Joerg Wegner posts (Blogging chemistry means not blogging minable data) :
As posted by Peter more and more chemists are blogging. And I would appreciate if those blogs would contain more chemical minable information. I think especially Rich and Egon have given some nice examples on their blogs. And beside of those blogs Wiki’s can also use chemical information (and not images!).
Anyway, those blogs are just great:
And here are some ideas what is missing on those blogs:
- tags based on reaction names (with cross-links), reagents, products, …
- chemical data in a native and downloadable/minable form, e.g. CML or InChI. Preferably all those data entries should have unique identifiers and tagged reaction centers! So, I prefer here rather CML than InChI.
- more literature references using DOI or PMID
I obviously and absolutely agree. The question is what to do about it. I have been struggling with simple code on this blog (I have now cracked it) but even loading images isn’t absolutely trivial (you have to upload from a directory and then upload int the blog, whereas we would really like to cut and paste.

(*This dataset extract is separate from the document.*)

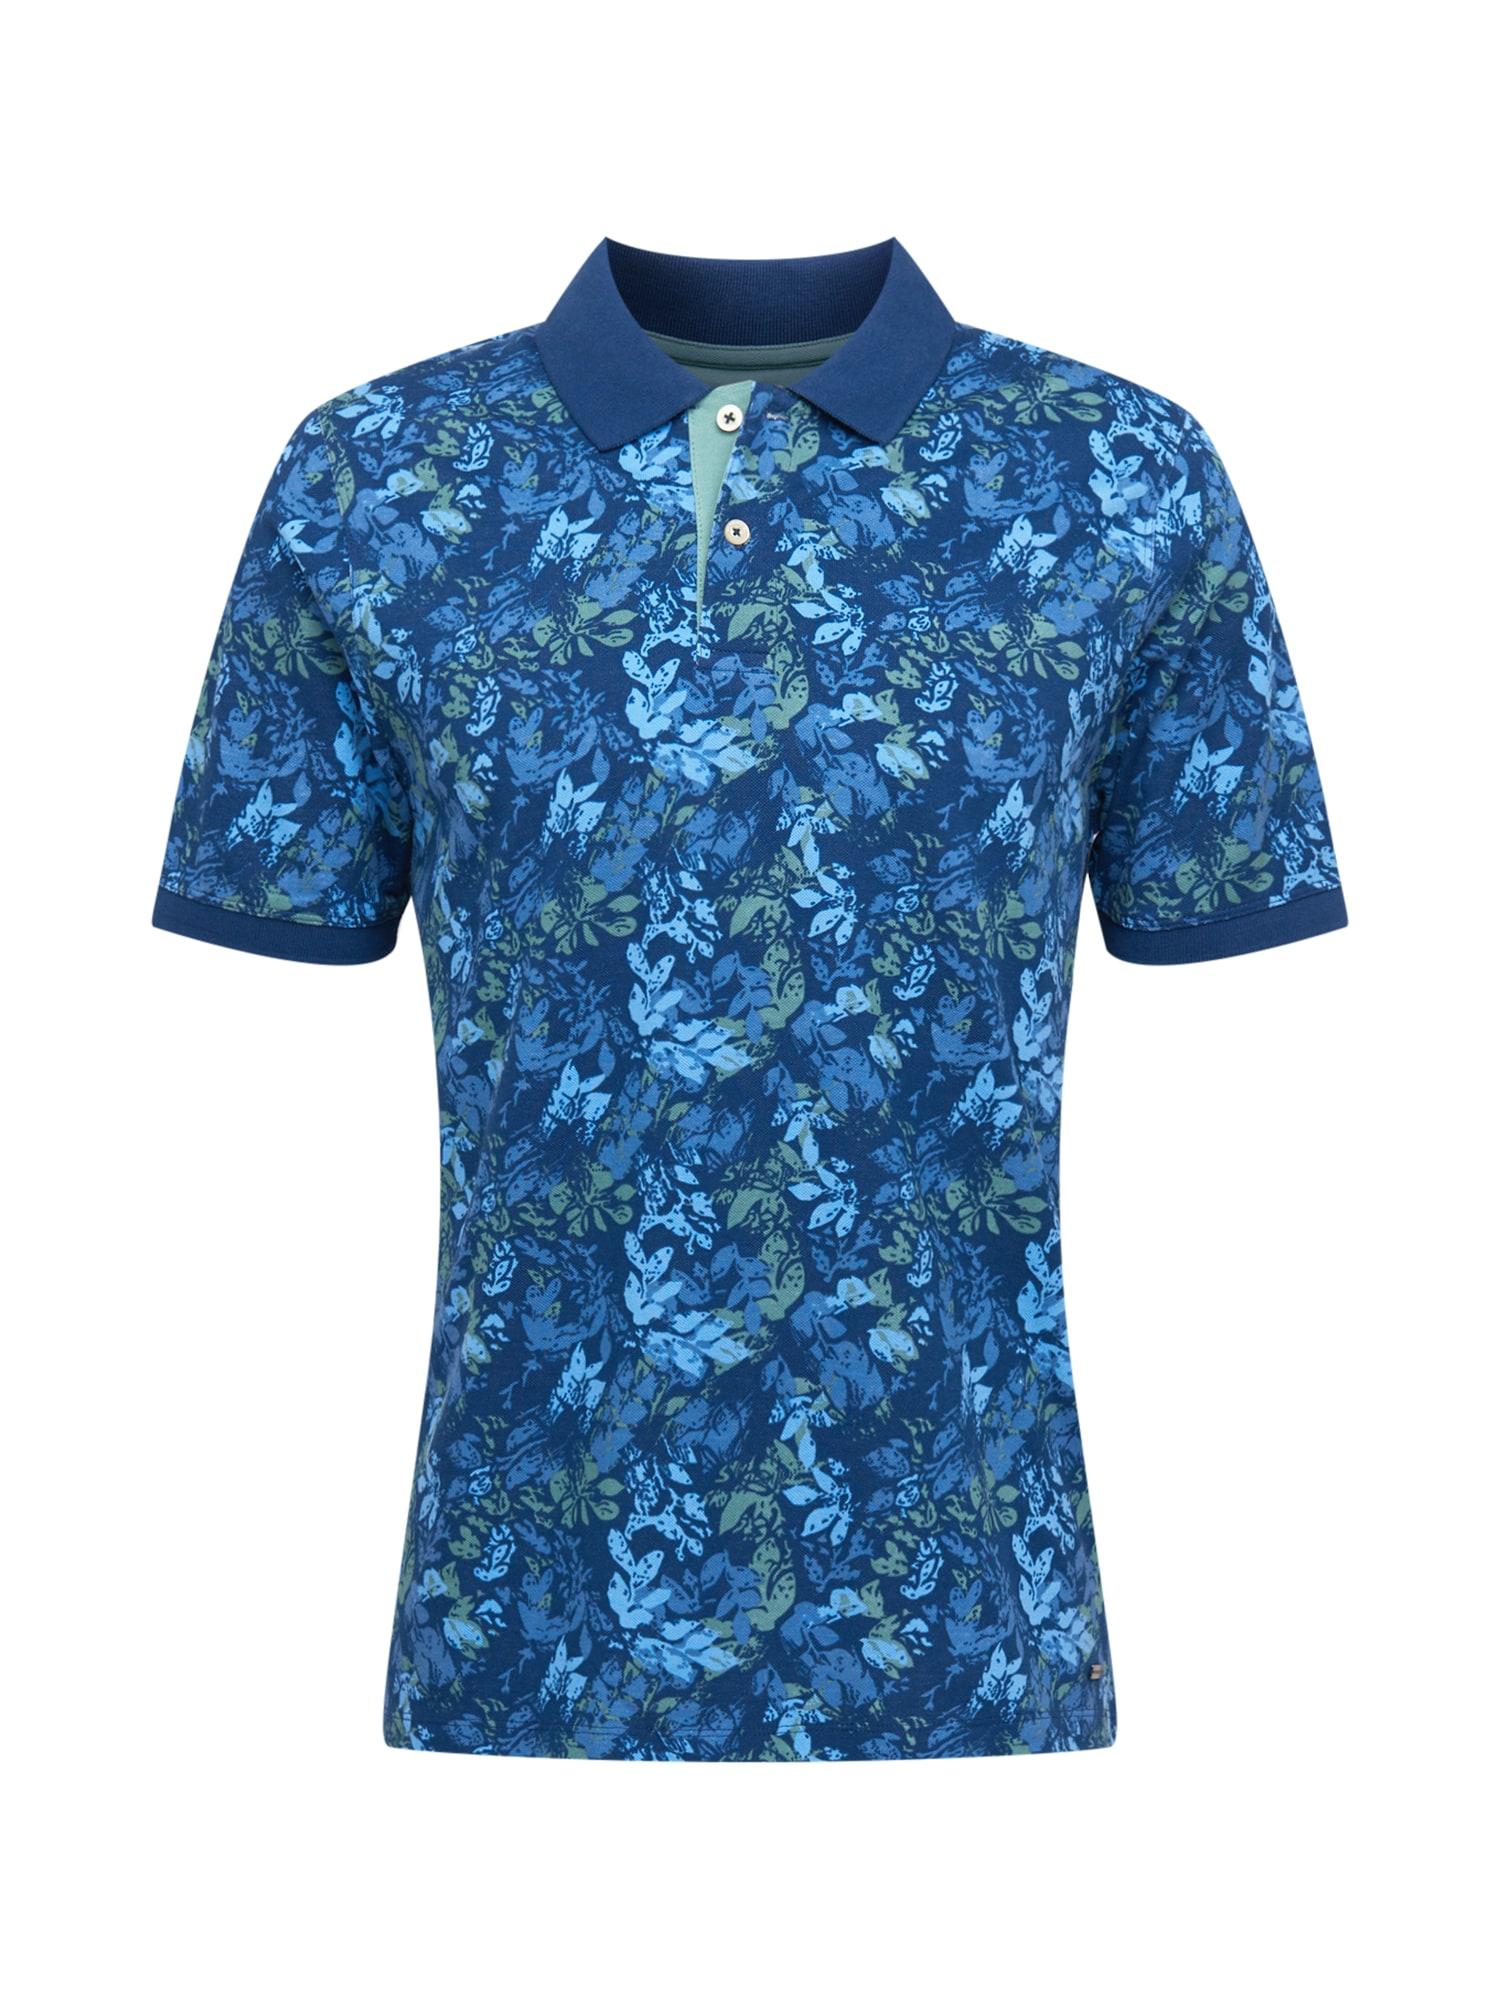 """FYNCH-HATTON Marškinėliai sodri mėlyna (""""karališka"""") / mėlyna dūmų spalva / šviesiai mėlyna / pastelinė mėlyna"""

The commercial chemical tools are not much help. Apart from costing money they are designed to be integrated into Word documents using (I think) ActiveX. Moreover they aren’t designed to be semantic. In the Blue Obelisk we are developing tools which are XML-CML aware and which – ultimately – will be the simple solution to this. The main challenges are:
- discover, develop and enhance semantic wikis and blogs. Please post anything you know that actually works.
- find simple (almost automatic) ways of embedding InChIs and CML invisibly in text. I think this would be relatively simple if we can agree on a method.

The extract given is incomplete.